TASK OBJECTIVE: Copy the material below verbatim from the line with "Dibujo estilizado de" to the line with "Porsche Taycan, la", both lines included, omitting pictures and every line outside that range.

LISTED ENTRIES:
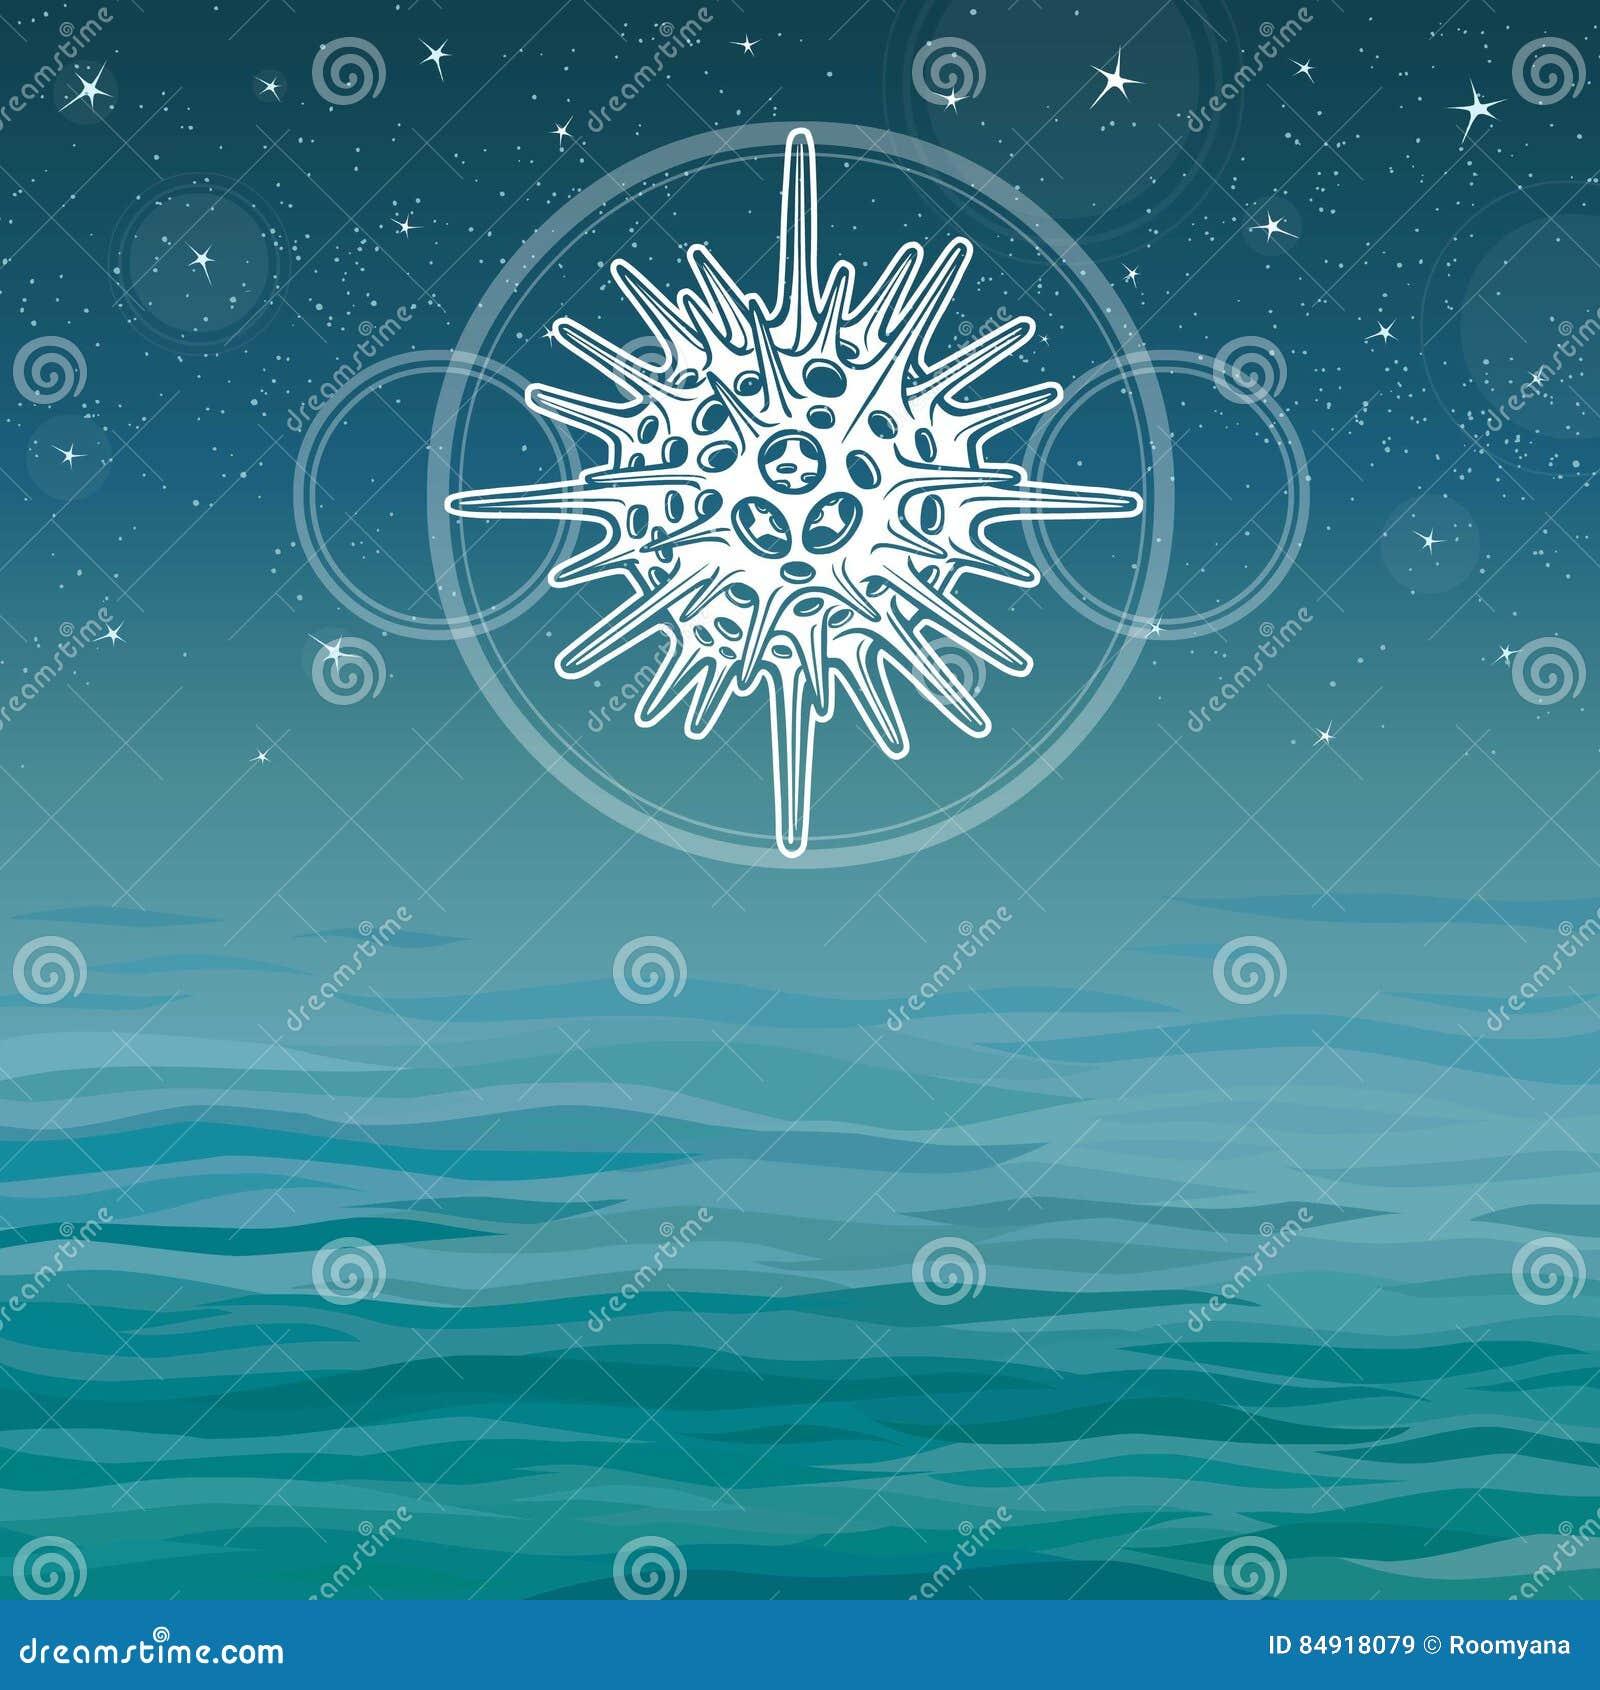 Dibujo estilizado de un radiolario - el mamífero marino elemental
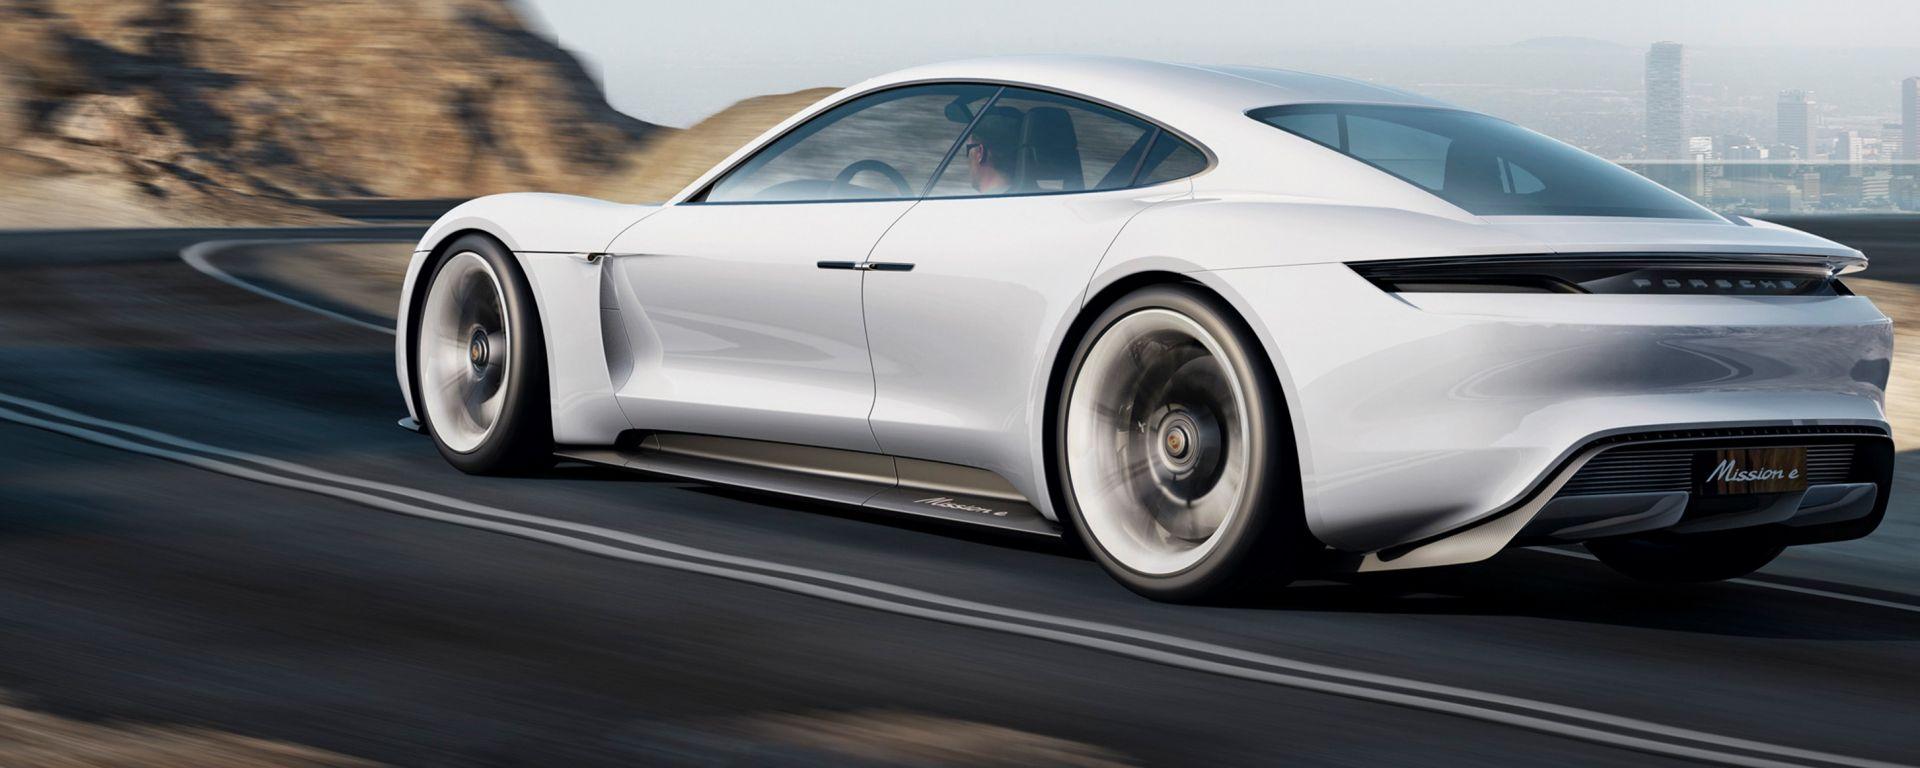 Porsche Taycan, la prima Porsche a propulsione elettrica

==

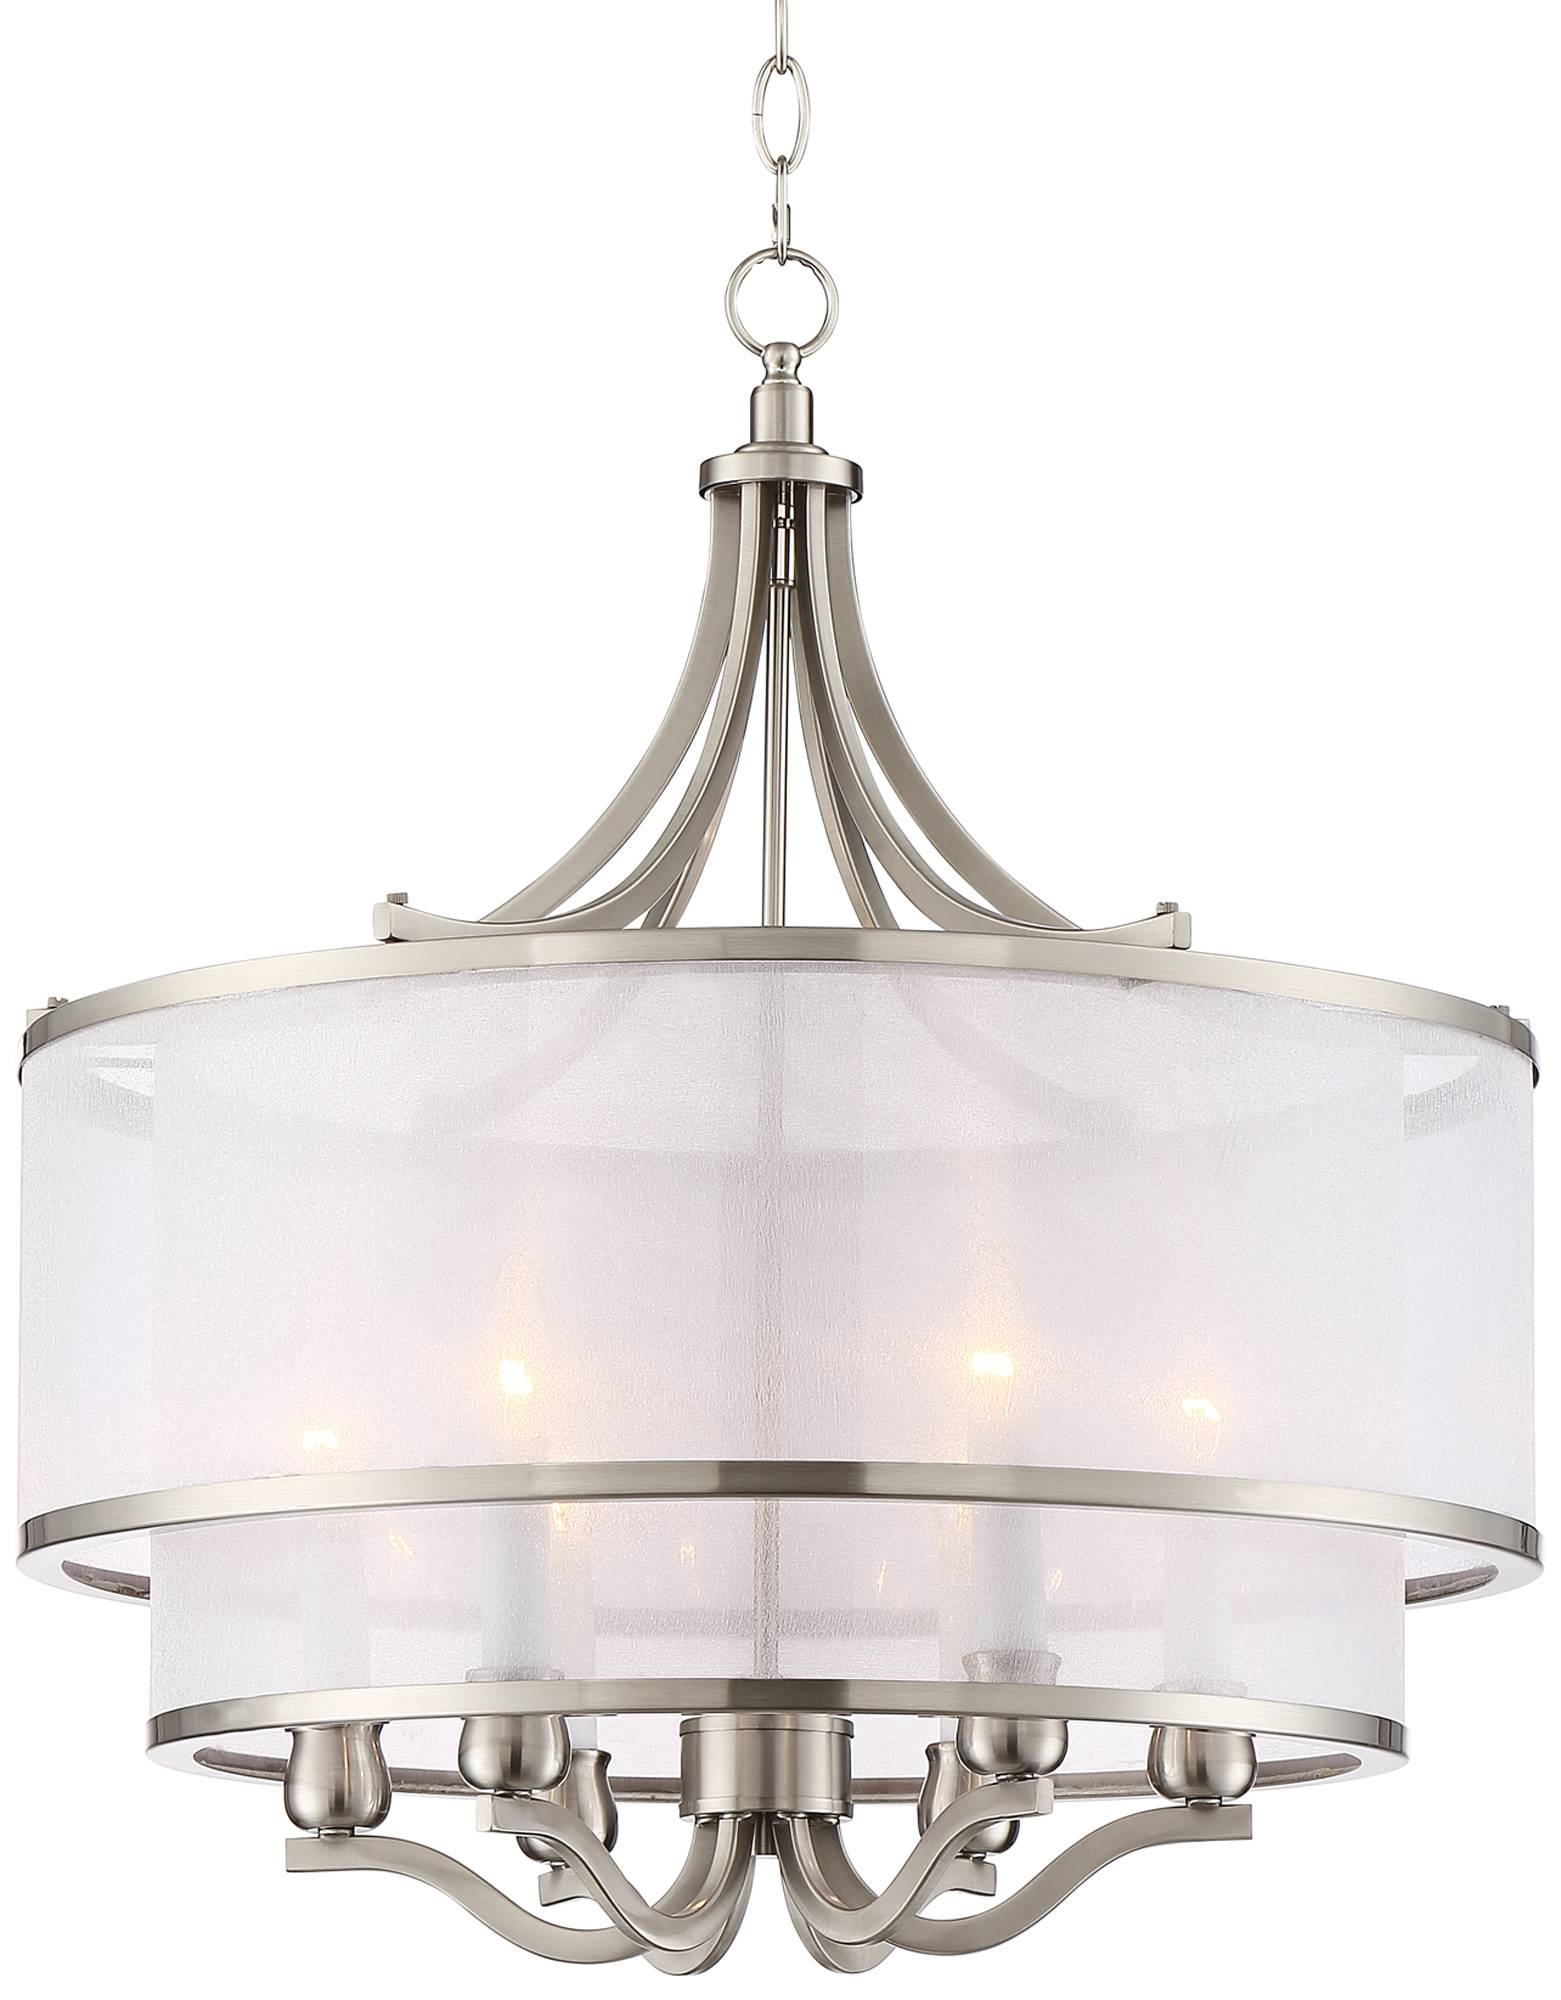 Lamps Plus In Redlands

TASK RESPONSE:
 Dibujo estilizado de un radiolario - el mamífero marino elemental
 Porsche Taycan, la prima Porsche a propulsione elettrica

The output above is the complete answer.